Он моргнул и широко открыл глаза.

Снежинка стояла рядом с ним в лунном свете, глядя на него как бы вызывающе, заталкивая бинт в карман своего медицентровского комбинезона. Каким-то образом она уже успела надеть свою белую маску – но это была не маска, с удивлением увидел Чип, это было ее лицо. Ее лицо было очень бледно. Белее, чем все лица членов, которые он когда-либо видел, кроме некоторых почти шестидесятилетних. Ее лицо было почти белое. Почти такое же белое, как снег.

– Маска на месте, – сказала она.

– Извини, – сказал он.

– Все в порядке, – ответила она и улыбнулась. – Мы все странные в чем-то. Посмотри на свой глаз, – ей было лет тридцать пять или около того, черты лица были резкие, выражение лица – умное. Волосы были недавно подстрижены.

– Извини, – сказал он опять.

– Я же сказала, что все в порядке.

– Тебе можно показываться мне?

– Я что-то скажу тебе, – начала Снежинка. – Если ты не выдержишь, то я уверена, что всю нашу компанию нормализуют. На самом деле, мне бы этого даже хотелось, – она взяла его голову в свои ладони и поцеловала его, ее язык ощупал его губы, потом скользнул внутрь и заходил у него во рту. Она крепко сжала его голову, прижалась низом своего живота к нему и стала тереться об него круговыми движениями. Чип почувствовал ответную реакцию, и положил свои руки ей на спину. Он осторожно встретил ее язык свои языком.

Она отняла рот.

– Учитывая, что это середина недели, – сказала она, – я довольна.

– Христос, Маркс, Вуд и Веи, – сказал он. – Вы все так поняли?
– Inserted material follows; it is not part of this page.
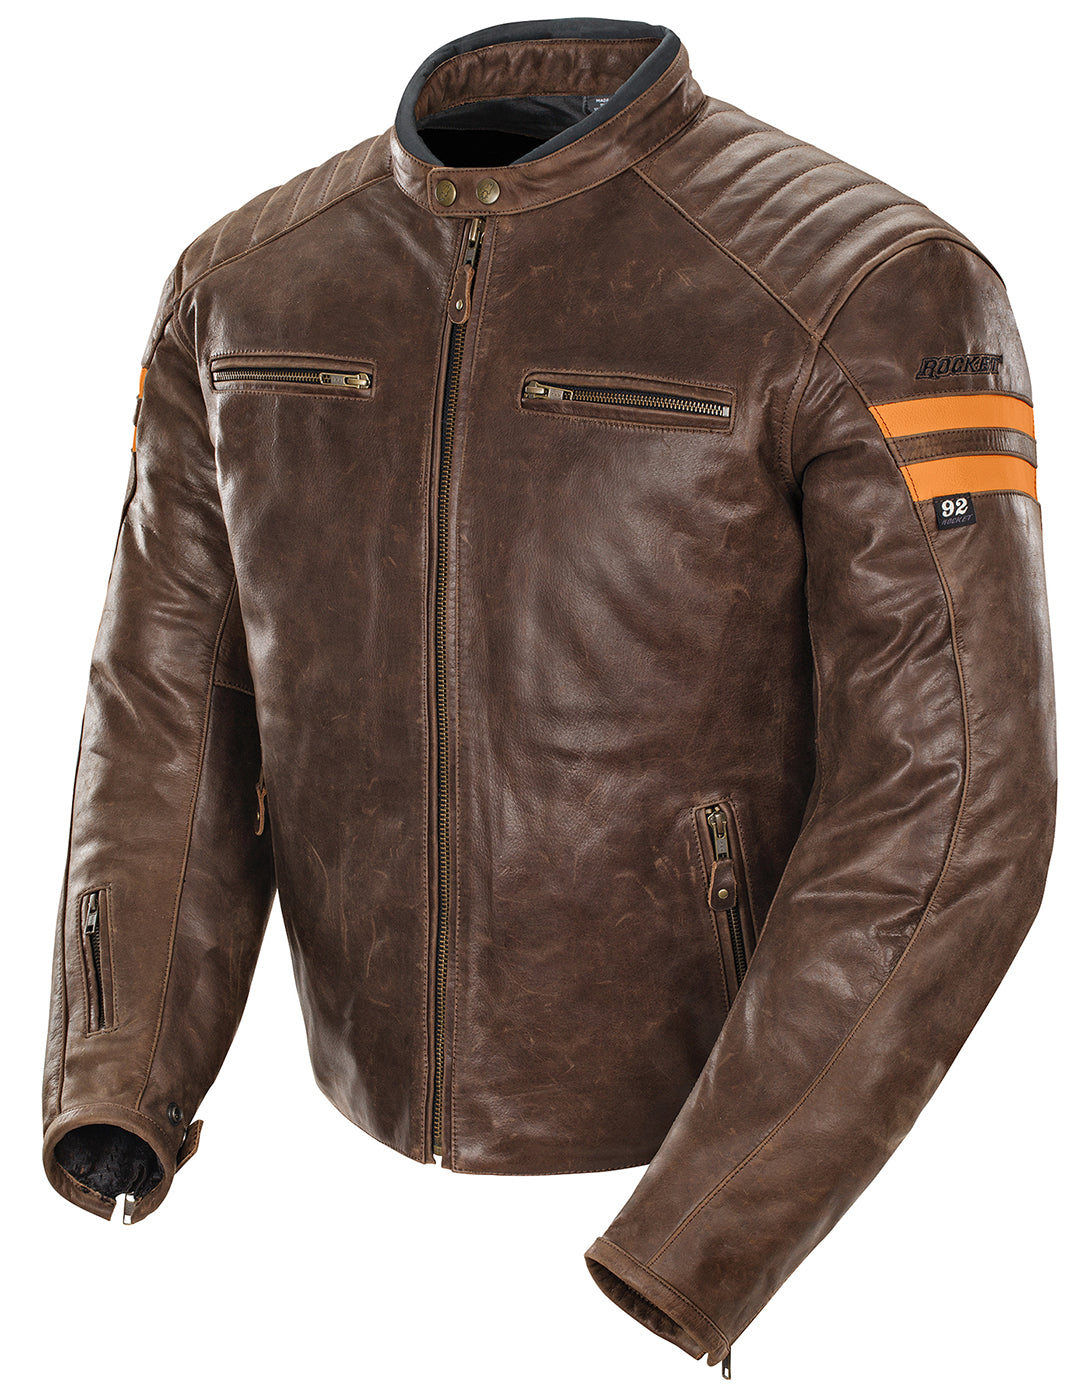 Joe Rocket Classic '92 Leather Jacket - Brown/Orange

– Только я, брат, – сказала она, – только я. Они снова поцеловались.

– Теперь иди домой, – сказала она. – Не трогай сканеры.

Он отступил от нее.

– Увидимся в следующем месяце, – сказал он.

– Тебе стоит со мной увидеться, – сказала она. – Удачи. Он вышел на площадь и направился к институту. Один раз он оглянулся. За его спиной был только пустой проход между бледными освещенными луной зданиями.